What happens now is anyone's guess. Islanders owner Charles Wang has said he'd move the team if the arena vote failed, but owners have said that before (cf. Carl Pohlad after the Twins referendum lost in 1996), and his list of relocation options isn't all that great. Kansas City isn't going to offer a sweetheart lease to a sports team and neither is Quebec, Hamilton has that Balsillie problem, which leaves ... Houston? It's tough to see abandoning the nation's largest market, with a proven hockey fan base, for a Sunbelt city that hasn't had a major-league hockey team in 33 years, especially after all that mess in Phoenix. There's always that talk of a hockey arena in Queens, but that has nothing in the way of a funding plan, and would give New York City three arenas competing for concerts (and the metro area six arenas, at least until the Meadowlands and the Nassau Coliseum were torn down), which is a heck of a lot, even for an urban area with 20 million people.
After the vote, Wang said only: "I have to tell you I'm disappointed and to put it very bluntly, I'm heartbroken. I have to tell you it's a very emotional day for us." He added: "We're committed to the Nassau Coliseum until 2015. We will honor our lease."

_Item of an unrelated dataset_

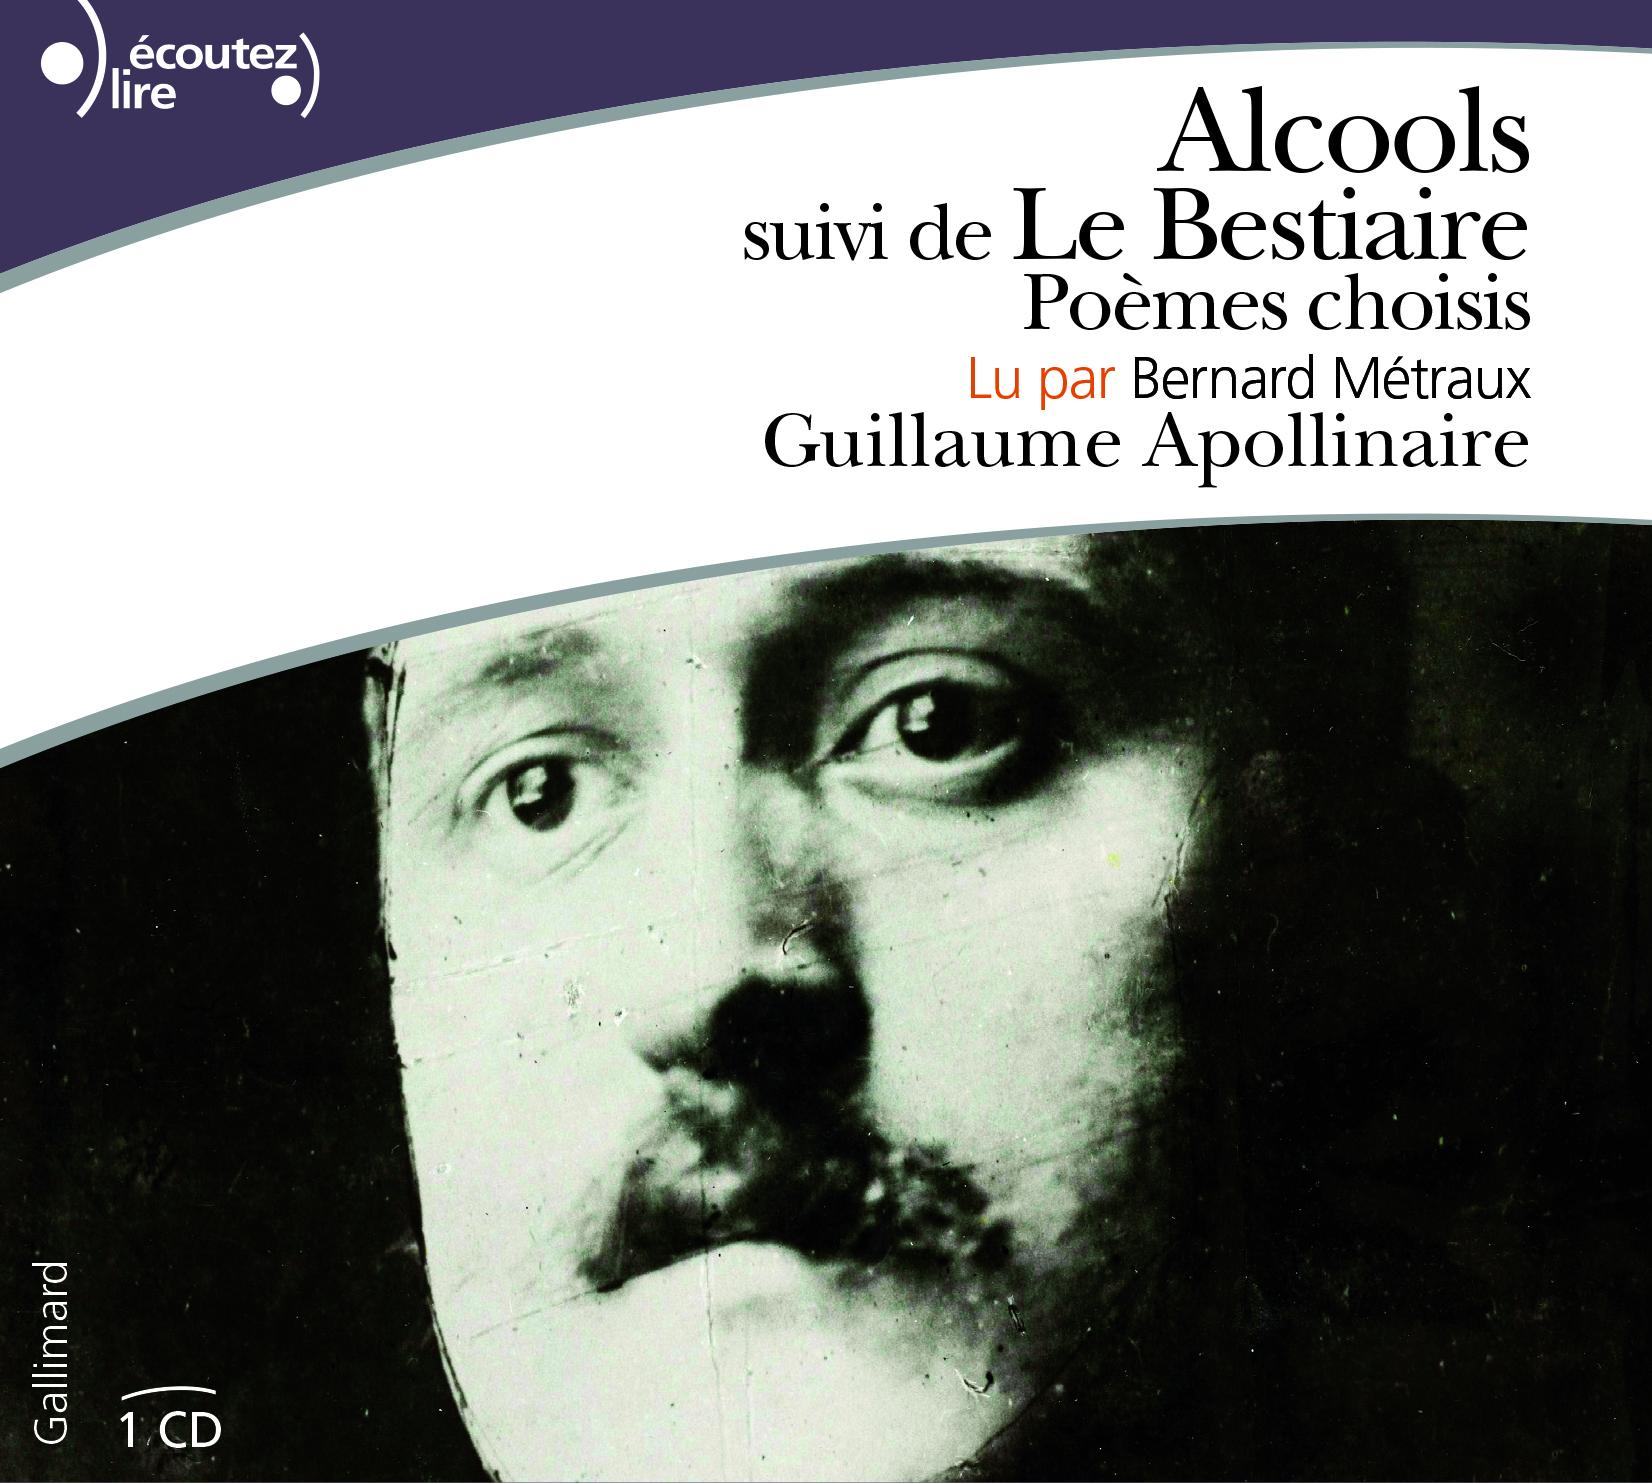 ALCOOLS CD (POEMES CHOISIS)

Before the vote yesterday, Wang had been more defiant, proclaiming, "We don't have a place to play anymore, because come 2015, our lease expires. ... We have to have a place to play, so we're out of options basically." Given that the last time anybody tried that gambit was seven years ago, and everyone just laughed at them — as anyone who's rented an apartment knows, the thing about leases is after one expires you typically get another one — Wang isn't exactly sounding like a man with a solid Plan B. It's going to be very interesting to see what his next move is, once he gets over his heartbreak.
August 01, 2011
As Islanders vote looms, finance board remains wild card
It's New York Islanders arena vote day in Nassau County, and ... there really isn't much to be added to what's been said already. Still, papers have gotta be published, so there's plenty of ink spilled today on the plan:
- The Times has a long article that will be of interest to anyone who knows absolutely nothing about the arena deal and needs a primer. Key quote: "'It's a Catch-22,' [retired Nassau resident Bob Orosz] said. 'If it's passed, our taxes are going to go up. If it fails, our taxes are going to go up.'"
- The Daily News has another editorial dissing the plan, its second in two weeks, which seems like a lot for a project that doesn't even affect most of the News' readers. Key quote: "Voters who care about fiscal sanity should go to the polls - and terminate the plan with extreme prejudice."

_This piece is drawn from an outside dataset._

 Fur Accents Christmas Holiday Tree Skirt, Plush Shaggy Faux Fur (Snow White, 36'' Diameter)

- Newsday runs down the basics of the plan and what happens next. Key quote: "If the referendum is approved, it would next go before the 19-member Nassau County Legislature which would require a supermajority of 13 members, including at least two Democrats, to guarantee passage. NIFA also must approve the lease agreement and bonding."
- The Wall Street Journal runs down the basics of the vote as well, with an extra helping of quotes from arena opponents. Key quote: "William Biamonte, the Democratic Commissioner of the Nassau Board of Elections, said voter turnout would likely be less than 10%, compared with up to 70% for a presidential election. 'Whatever the result, we won't be able to read any type of public intent from it,' Mr. Biamonte said."
- One of the more in-depth articles on the Islanders plan, weirdly, is in the Montreal Gazette, where columnist Pat Hickey crunches the numbers and finds them wanting. Key quote: "The Islanders have tried to make the picture rosier by projecting $229 million in annual revenue for the new building. ... Consider these numbers: If the Islanders, who had the lowest attendance in the league last season at 11,059 per game, sell out all 41 games in a 17,500-seat arena with an average ticket price of $65 — which would be among the highest in the NHL — and every fan spent another $50 a game on beer, hotdogs and souvenirs, the total revenue would be a mere $82 million. It would take a lot of concerts and other events to make up the difference in the Islanders' projections."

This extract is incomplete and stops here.